DATA BELOW
━━━━━━━━
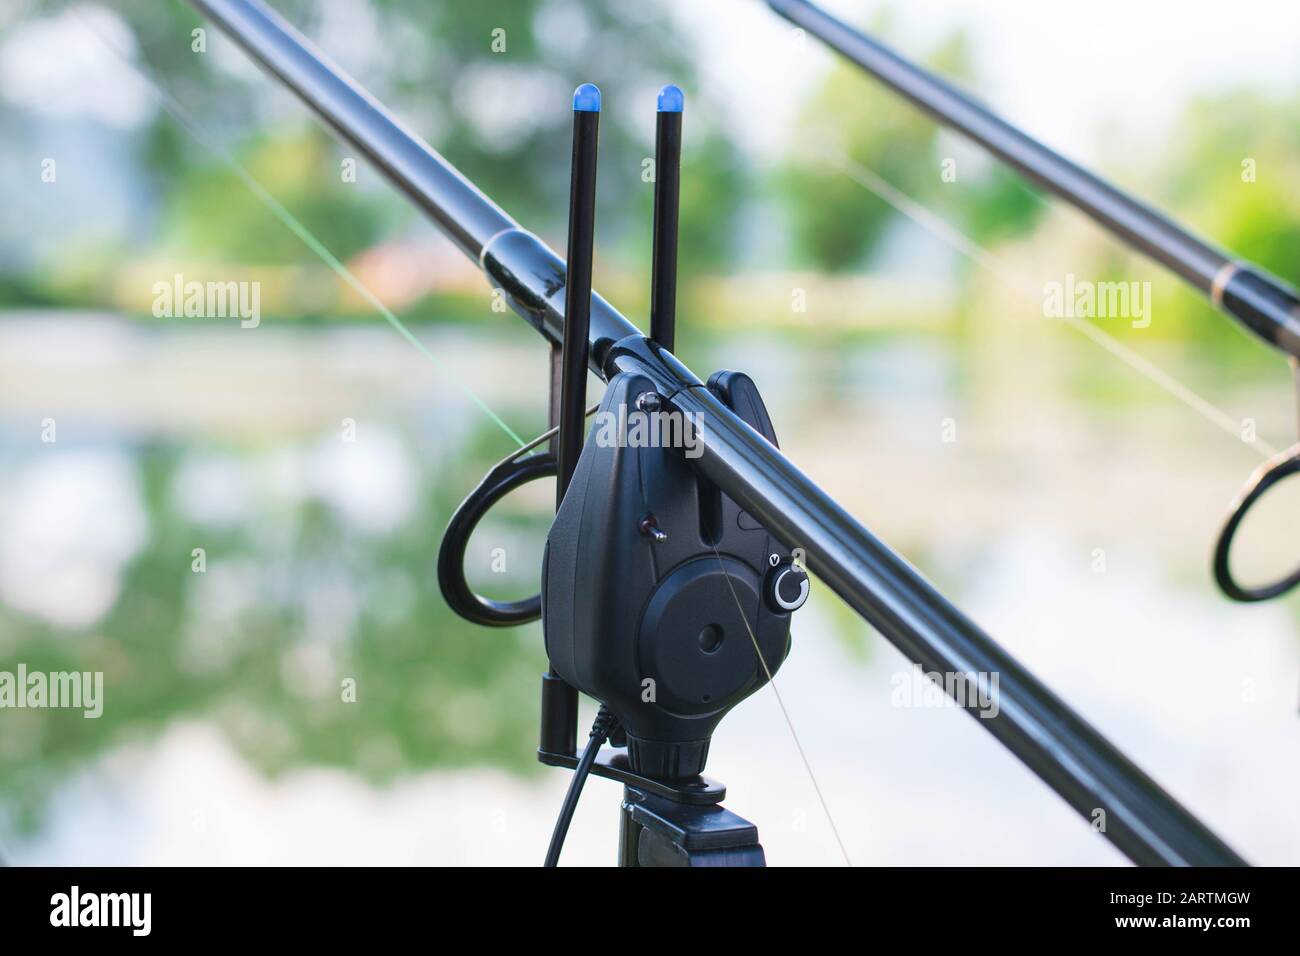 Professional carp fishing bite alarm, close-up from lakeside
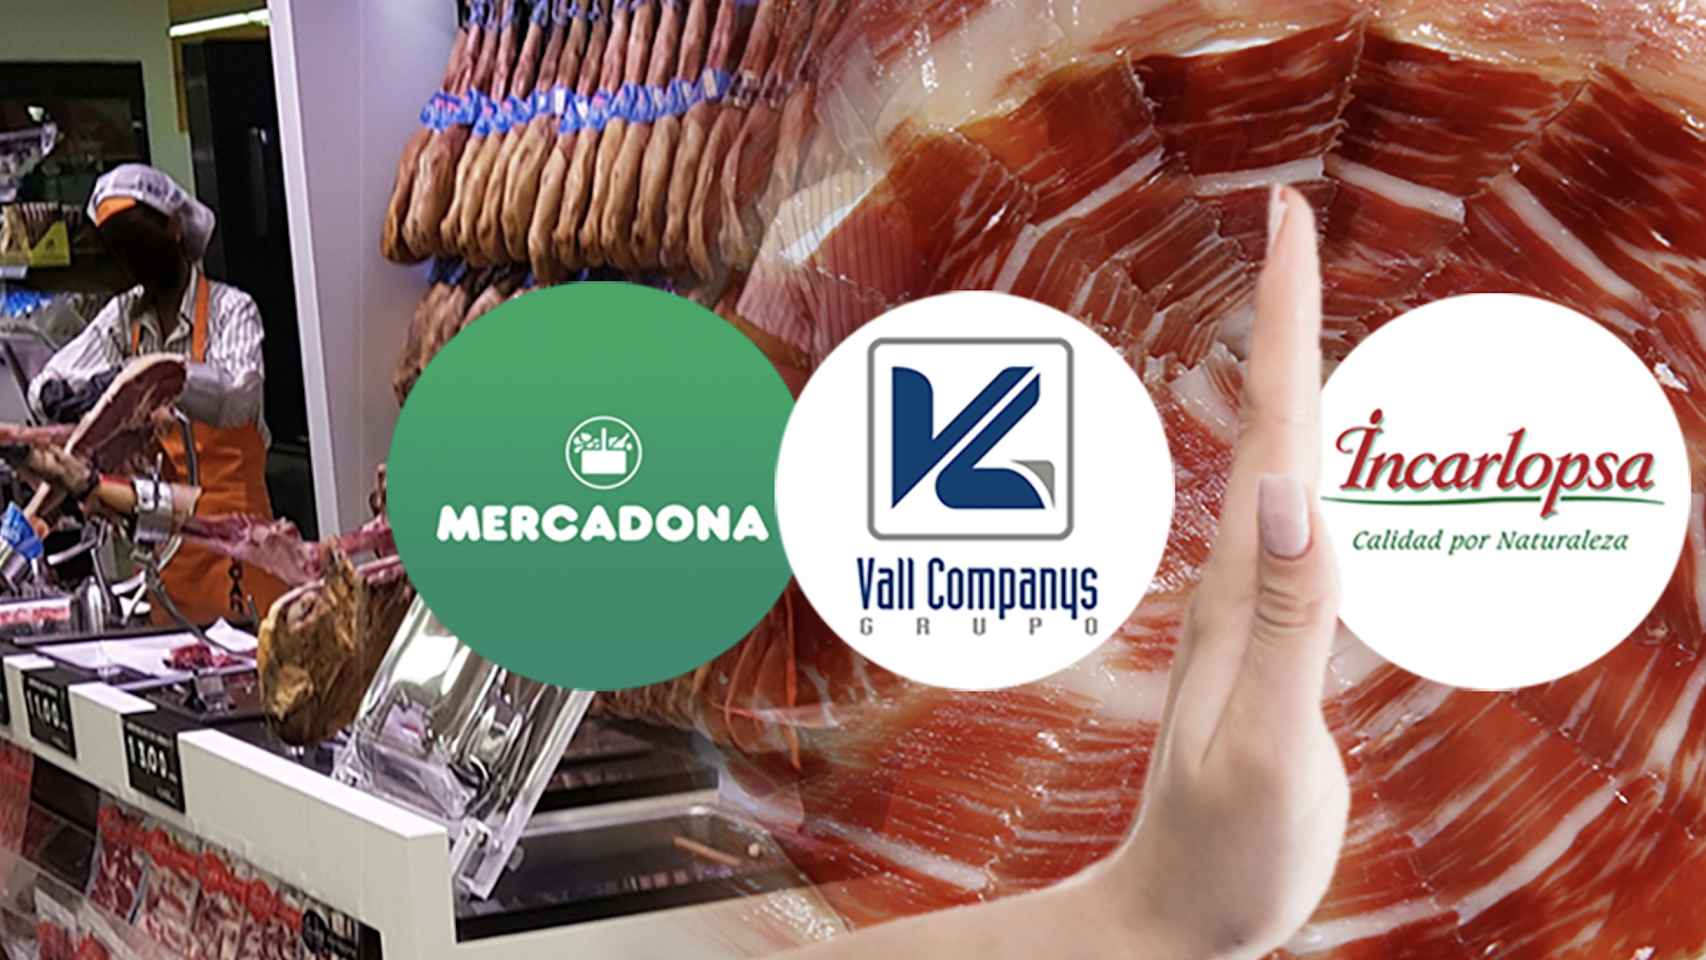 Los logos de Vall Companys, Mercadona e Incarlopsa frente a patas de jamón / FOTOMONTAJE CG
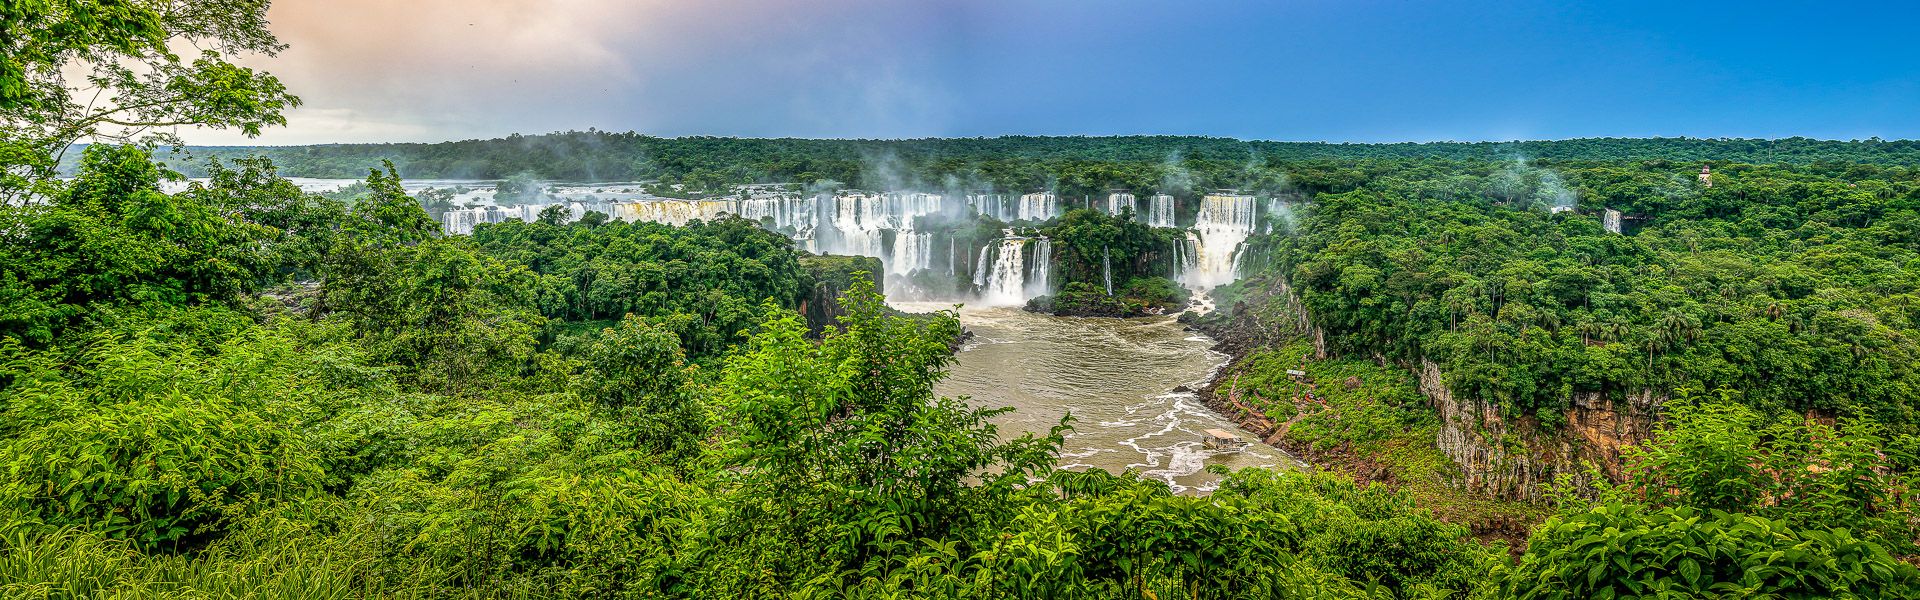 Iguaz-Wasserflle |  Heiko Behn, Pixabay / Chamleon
━━━━━━━━
THE TASK
Return the material from above in full, exactly as written, with the pictures omitted.

WRITTEN RESPONSE
 Professional carp fishing bite alarm, close-up from lakeside
 Los logos de Vall Companys, Mercadona e Incarlopsa frente a patas de jamón / FOTOMONTAJE CG
 Iguaz-Wasserflle |  Heiko Behn, Pixabay / Chamleon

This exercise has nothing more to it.